I thought it was very important that the courses be removed this way, by the administration instead of faculty themselves removing them.  Faculty have a very important role to play in educating the public about political interference in the university system.  Political interference undermines what we do.  It’s so important to have our universities be autonomous from the curricular control of state government, for universities to serve their proper role as places of knowledge production and dissemination in a democracy.  Faculty can’t both insist on the importance of academic freedom and autonomy while also collaborating and inviting the state to alter our curriculum

After the administration removed our courses from the General Education curriculum, we organized this resolution in the Faculty Senate, which condemned the Board of Trustees for not serving the role that they’re supposed to serve. Because there are governing documents. According to the university’s governing documents the Board of Trustees are supposed to protect academic freedom.

Then one tenured faculty member proposed from the senate floor that the resolution language be changed to say something like “We’re willing to work with the B.O.T., but we’re just upset that this process is going on in an unlawful way.”  

I found that very upsetting because among the tasks set out for the Faculty Senate in their governing documents is to create general education curricula within parameters set by the state.  Another task is to protect academic freedom.  I think that when these tasks for the Faculty Senate are in conflict, we need to insist on protecting academic freedom and not trying to abide by the parameters set by the state. 

This was a tenured professor who wanted to work with the Board of Trustees to improve how the process of political interference was done.

Nicole Morse

I want to amplify what Katie said by pointing out that tenure, instead of creating a protection for people to take intellectual risks, to do challenging research, is too often becoming a discipline tactic of its own. People who are tenure track are so scared of not getting tenure that they hold back, and people who are tenured tend to also hold back because they don’t want to get targeted. Obviously, Robin and Chris here are huge exceptions to that rule. But there’s this way that tenure itself has been transformed from a way to protect academic integrity and academic freedom to a way to discipline faculty.

You know, when it comes to union organizing, contingent faculty like Katie are some of the hardest working and most dedicated union organizers. They’re out there. They’re doing the work because they recognize that their survival depends on collectivity. As Robin said earlier, the distinction that we’ve been drawing between contingent faculty and tenured faculty has become smaller. But too often, some of the more senior faculty who have tenure have bought into being part of the power structure in some ways. How do you create class traitors?

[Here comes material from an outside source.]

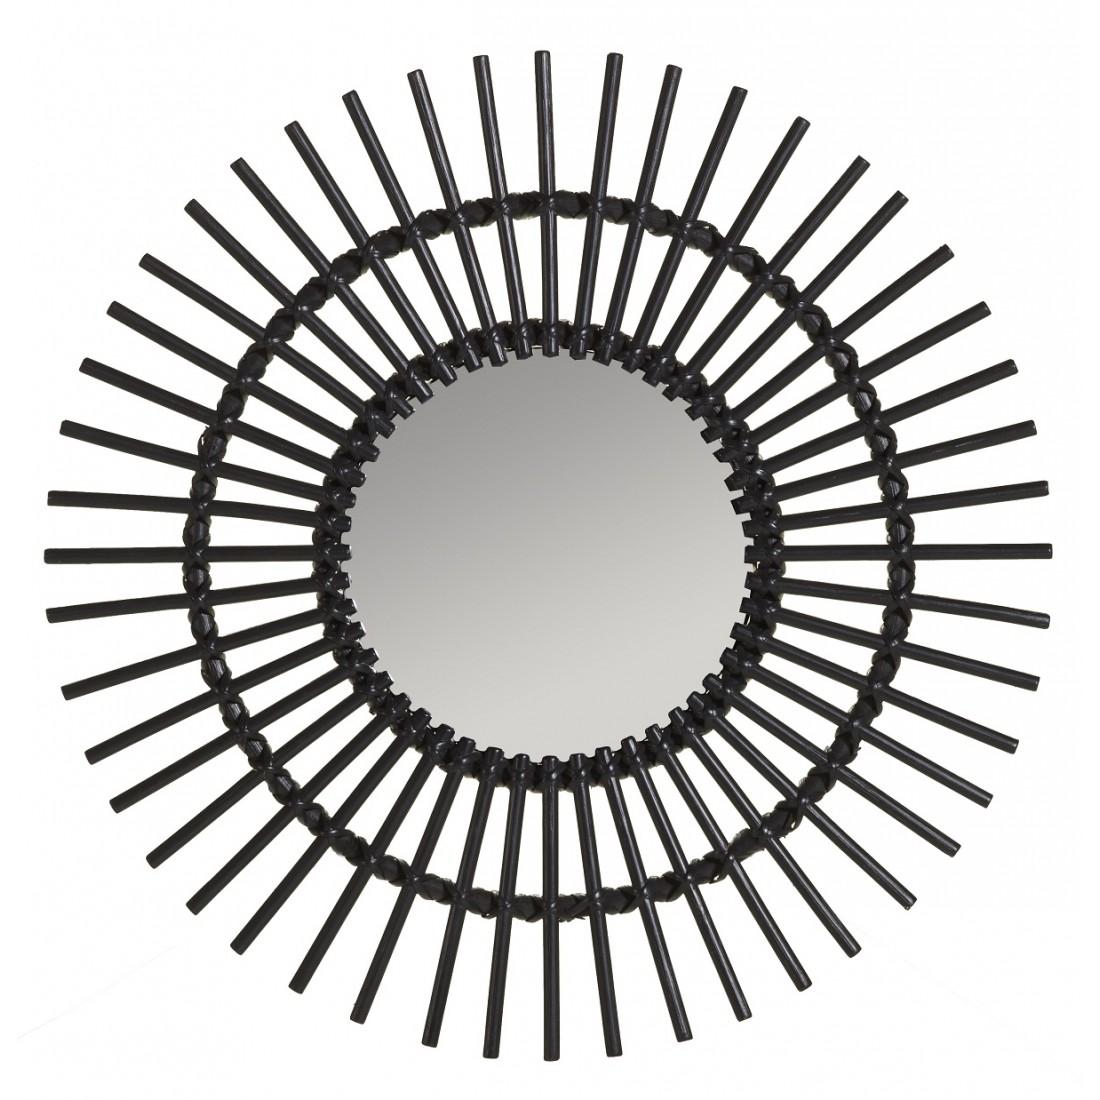 Miroir rotin laqu noir vintage soleil miroir rotin kok maison - Miroir en rotin ...

In fighting against the attempt to remove my course on “Gender and Climate Change” from the curriculum, initially I was asked, as Katie said, to remove it myself. And I said, I don’t want to. And then I was able to consult with Chris and our other union co president. I was able to consult with union staff, so that over four weeks of meetings, phone calls and email exchanges, I kept saying, you know, of course, I want to comply with any directive. If you are directing me to remove the class, I will. And then they would say, oh, no, we’re not directing you to do anything. We just wondered do you want to remove the class? And I would say, no, I don’t want to remove the class, but if you’re directing me to do so, I will. It was top down pressure that just kind of trickled layer by layer until it got to the least powerful people who then had the entire apparatus of the university bearing down on them.  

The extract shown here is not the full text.